Why are calls to this function slow, compared to Python+Numpy?

vgdev · August 12, 2017, 12:47pm

I have simple question. I have a function b, below which i make multiple calls too. But I am experiencing that it is about x3 slower than a Numpy implementaion in Python. Any idea on how to speed this up?

function b(a, k)
  return ((k^(a+1.0)-(k-1.0)^(a+1.0))/(a+1.0))^(1.0/a);
end

testing function

function test(s)
  g = zeros(s);
  for i =1:s
    g = b(a,i+1)^a;
  end
end

s = 500;
@time test(s)

Result:

0.000358 seconds (5.50 k allocations: 90.156 KiB)

I would expect an execution time of about 0.0001 secs. Any help will be appreciated.

giordano · August 12, 2017, 1:06pm

There are a couple issues:

you define g = zeros(s), so it’s an Array{Float64, 1}, but then you set g = b(a,i+1)^a, so here it becomes a scalar (presumably a Float64, depending on the type of a). You probably want to initialize g to zero(s), not zeros(s).
a is not given in your code. You probably use it a global variable, make sure to make at least a const, but for better performance it’s a good idea to pass it as a function argument.

With these changes I get the performance you expect

julia> using BenchmarkTools

julia> b(a, k) = ((k^(a+1.0)-(k-1.0)^(a+1.0))/(a+1.0))^(1.0/a)
b (generic function with 1 method)

julia> function test(s, a)
           g = zero(s)
           for i =1:s
               g = b(a,i+1)^a
           end
           return g
       end
test (generic function with 1 method)

julia> s = 500
500

julia> @btime test($s, 3.0)
  115.908 μs (0 allocations: 0 bytes)
1.2537550024999987e8

vgdev · August 12, 2017, 1:31pm

Thanks for the answer @giordano Sorry, but there were some bugs in the code I presented. Here is what I trying to do. Is there a way to make the computation of b go faster?

function b(a, k)
  return ((k^(a+1.0)-(k-1.0)^(a+1.0))/(a+1.0))^(1.0/a);
end

function test(s,a)
  g = zeros(s);
  for i =1:s
    g[i] = b(a,i+1)^a;
  end
end

s = 500;
@btime test(s,0.3)

183.833 μs (1 allocation: 4.06 KiB)

giordano · August 12, 2017, 1:50pm

You can avoid useless calculations, like raising to 1 / a and then to a. For real and positive quantities it should be safe to remove both of them. On my machine this reduces running time to a third, but this isn’t limited to Julia.

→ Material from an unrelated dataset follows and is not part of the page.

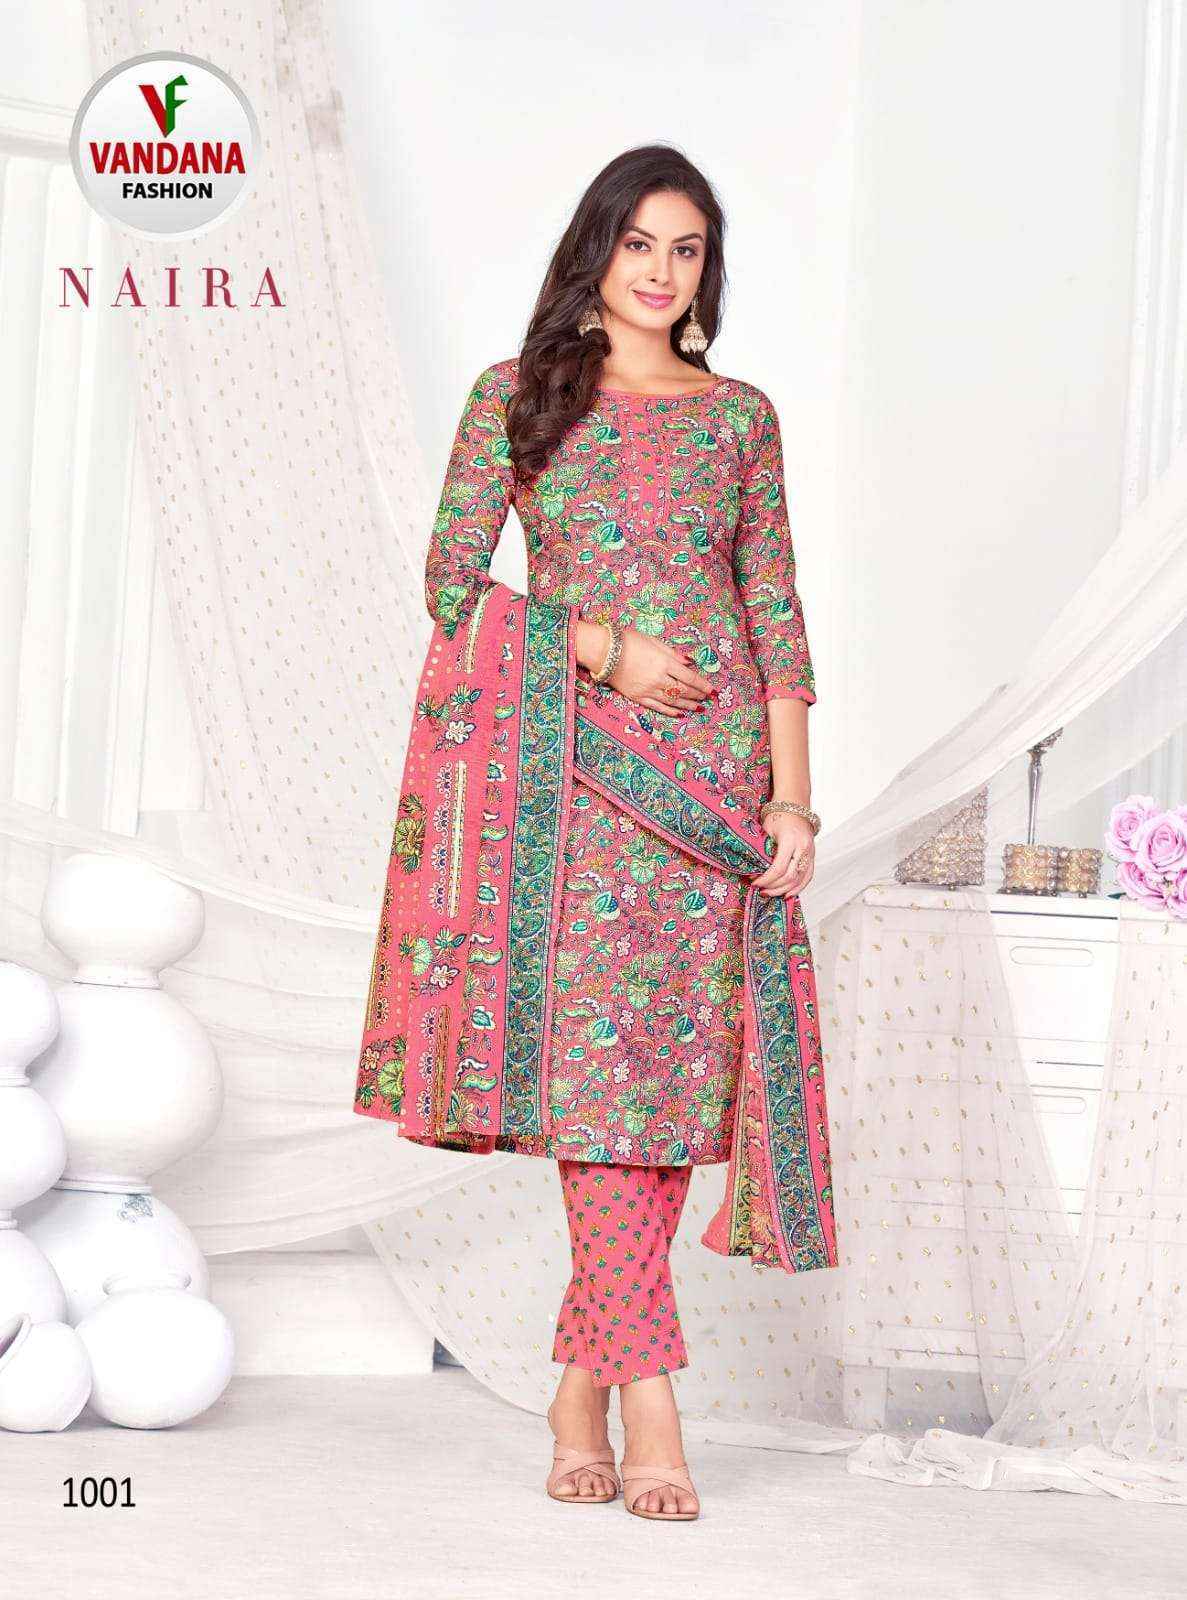 Vandana Fashion Naira Cotton Dress Material Wholesale Price

Initial value of g isn’t relevant, so you can initialize to a random vector with Vector{Float64}(s), rather then zeros(s). On my machine this shaves off one microsecond out of ~115.

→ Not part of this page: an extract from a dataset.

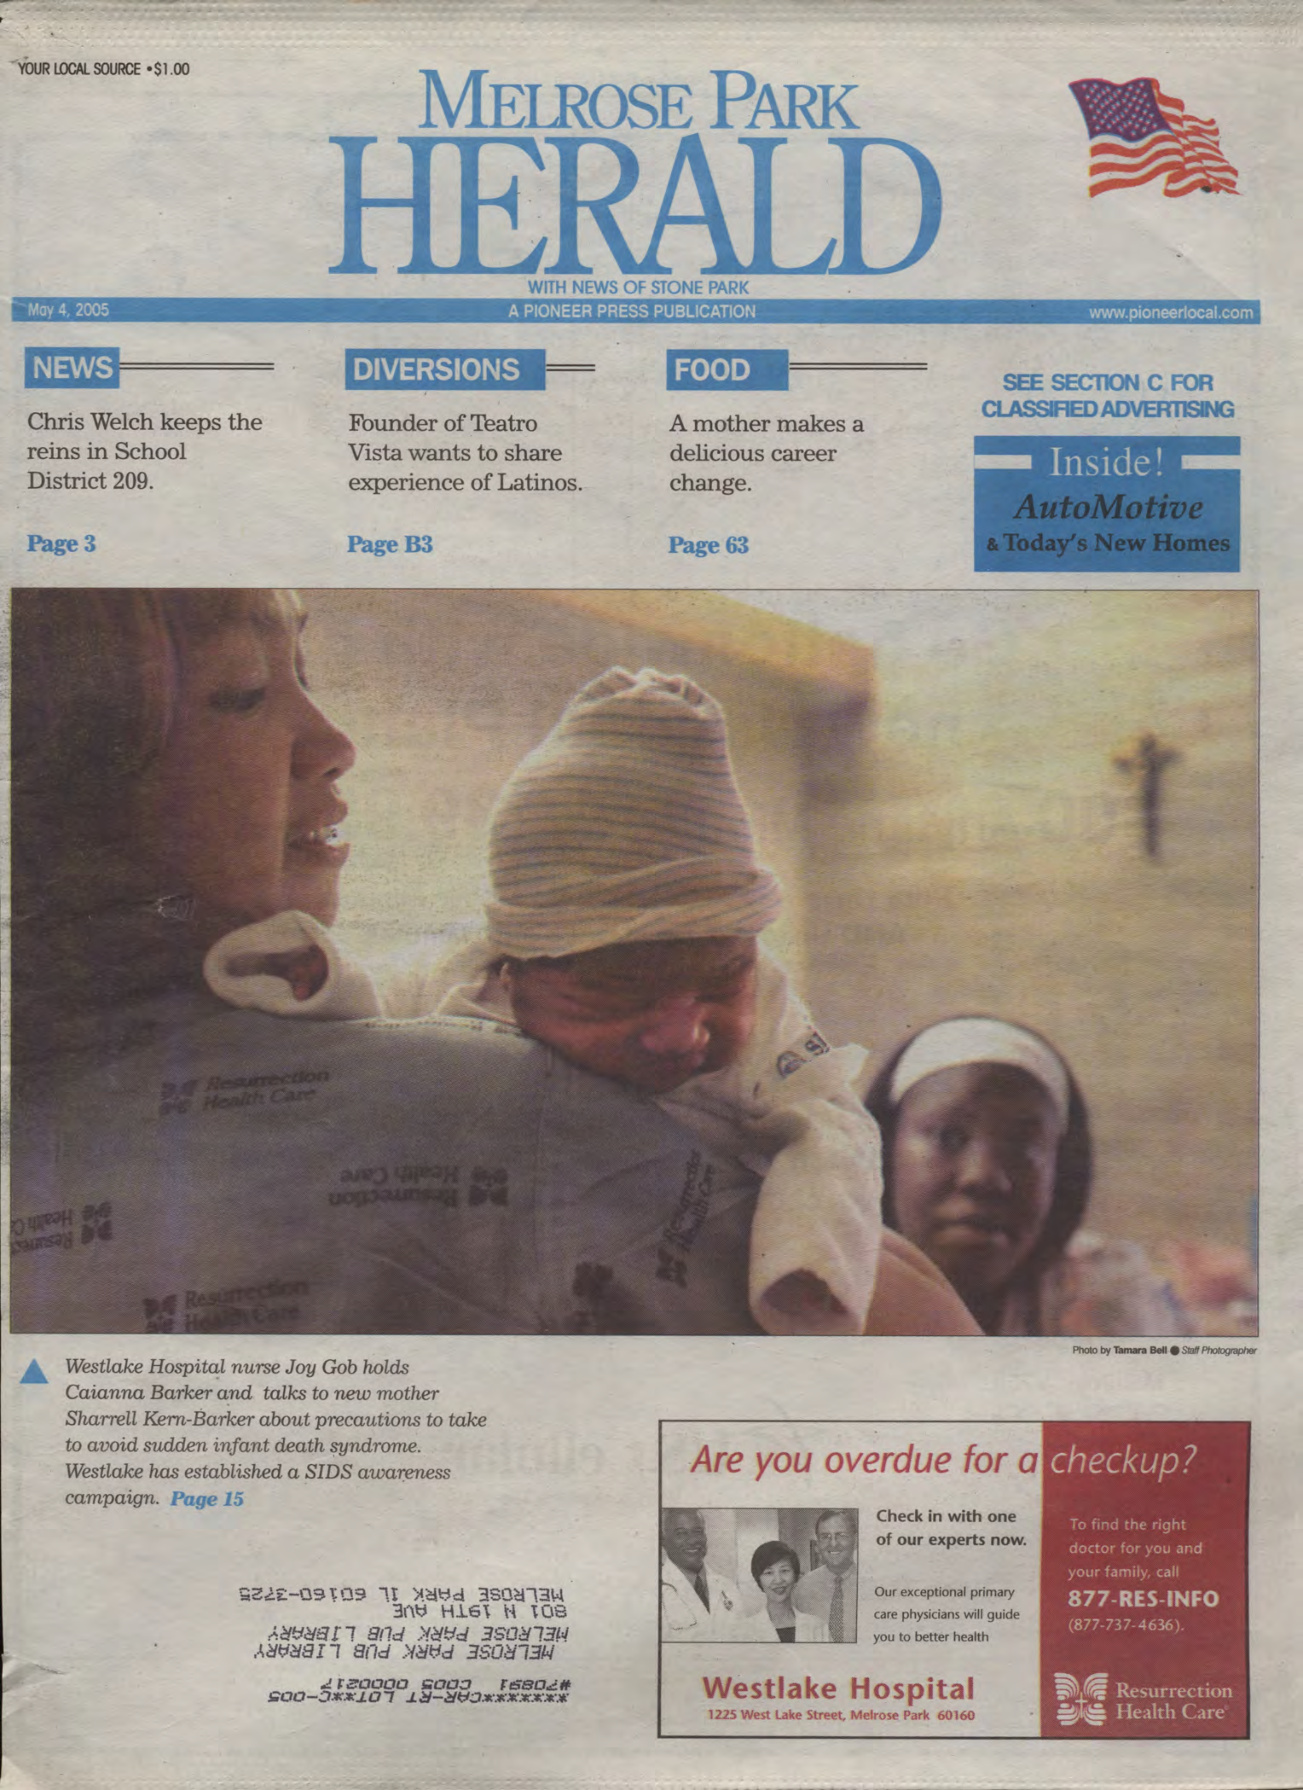 The Herald – 20050504

I can’t see any other evident change you can apply to make your code run faster. Anyway, for the future, keep always in mind the tips provided at https://docs.julialang.org/en/stable/manual/performance-tips.html

baggepinnen · August 12, 2017, 2:12pm

The following shaved off half the time for me

function test(s,a)
  g = zeros(s);
  Threads.@threads for i =1:s
    g[i] = b(a,i+1)^a;
  end
end

@btime test($s,0.3)
61.320 μs (2 allocations: 4.11 KiB)

Before @threads
129.483 μs (1 allocation: 4.06 KiB)

with julia started with 4 threads.

giordano · August 12, 2017, 3:00pm

But this is like cheating

How many physical CPUs do you have? I have 4 and running Julia with 4 threads running time decreases by a factor of ~4. With more than 4 threads performance gets worse, because of hyper-threading, maybe this is your case.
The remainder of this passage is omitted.